It is considered to be a resource hog. You will still be able to start it manually if you need it. You can fix this with HijackThis, 
but you will need to change the setting in RealPlayer itself to keep it from resetting itself.. 
This is the item to fix in HijackThis:

*O4 ‑ HKLM\..\Run: [TkBellExe] "C:\Program Files\Common Files\Real\Update_OB\realsched.exe" ‑osboot *

*PDVDServ.exe* process can be removed to free up resources without compromising system performance. 
PDVDServ.exe is the Remote Control background application for CyberLink's PowerDVD version 5 and above. 
It enables you to use a remote control with your DVD drive if your drive came with one.
Not required if you don't have a remote control, or don't wish to use one. 
Whether or not you need to run this program on startup must be decided by you. 
If you feel that you want this program starting automatically so that you have it available as needed, then do not disable it. 
This program is not required to start automatically as you can start it manually if you need it. 
It is advised that you disable this program so that it does not take up necessary resources. 
Many users have reported this process slows their boot time. It may be worthwhile to fix it with HijackThis. 
This is the item to fix in HijackThis:

*O4 - HKLM\..\Run: [RemoteControl] "C:\Program Files\CyberLink DVD Solution\PowerDVD\PDVDServ.exe"*

*You could fix this one as well*

*O4 - HKLM\..\Run: [LanguageShortcut] "C:\Program Files\CyberLink\PowerDVD\Language\Language.exe"*

*What is this one, can find no refence to malware, do you know what it is, and do you use it.

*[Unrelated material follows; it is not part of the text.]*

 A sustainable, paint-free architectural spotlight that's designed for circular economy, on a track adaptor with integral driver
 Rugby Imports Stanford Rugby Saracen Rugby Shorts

O4 - HKCU\..\Run: [Crammer] C:\Documents and Settings\All Users\Documents\Naresh\Vamsi\Vamsi\Mails\Dictionary\Dictionary\Dictionary\D ictionary\Crammer.exe*

*These are Needed*

*O4 - HKLM\..\Run: [Windows Defender] "C:\Program Files\Windows Defender\MSASCui.exe" -hide 
O4 - HKLM\..\Run: [GrooveMonitor] "C:\Program Files\Microsoft Office\Office12\GrooveMonitor.exe" 
O4 - HKLM\..\Run: [!AVG Anti-Spyware] "C:\Program Files\Grisoft\AVG Anti-Spyware 7.5\avgas.exe" /minimized *

*Here is a great tool to control what starts up on your system*

http://www.mlin.net/StartupCPL.shtml

*The good news is your log is now clean, we just need to tidy up and remove Malware from Sytem restore and Backups.* :up:

*Delete this tools,from your desktop as they are not needed now*

*VundoFix
AVZ4en
SDFIX
Safeboot Repair Key
Sysclean
Combofix
Smitfraudfix*

*Now delete there folders*

C:\Documents and Settings\Alien\Desktop\Malware Tools\SmitfraudFix

C:\QooBox

C:\VundoFix Backups

*We need to clean out all the malware in your system restore, 
to make sure there are no infected files found in a restore point. *


Go to Start > All Programs > Accessories > System Tools > System Restore

Select *Create a restore point*, and Ok it.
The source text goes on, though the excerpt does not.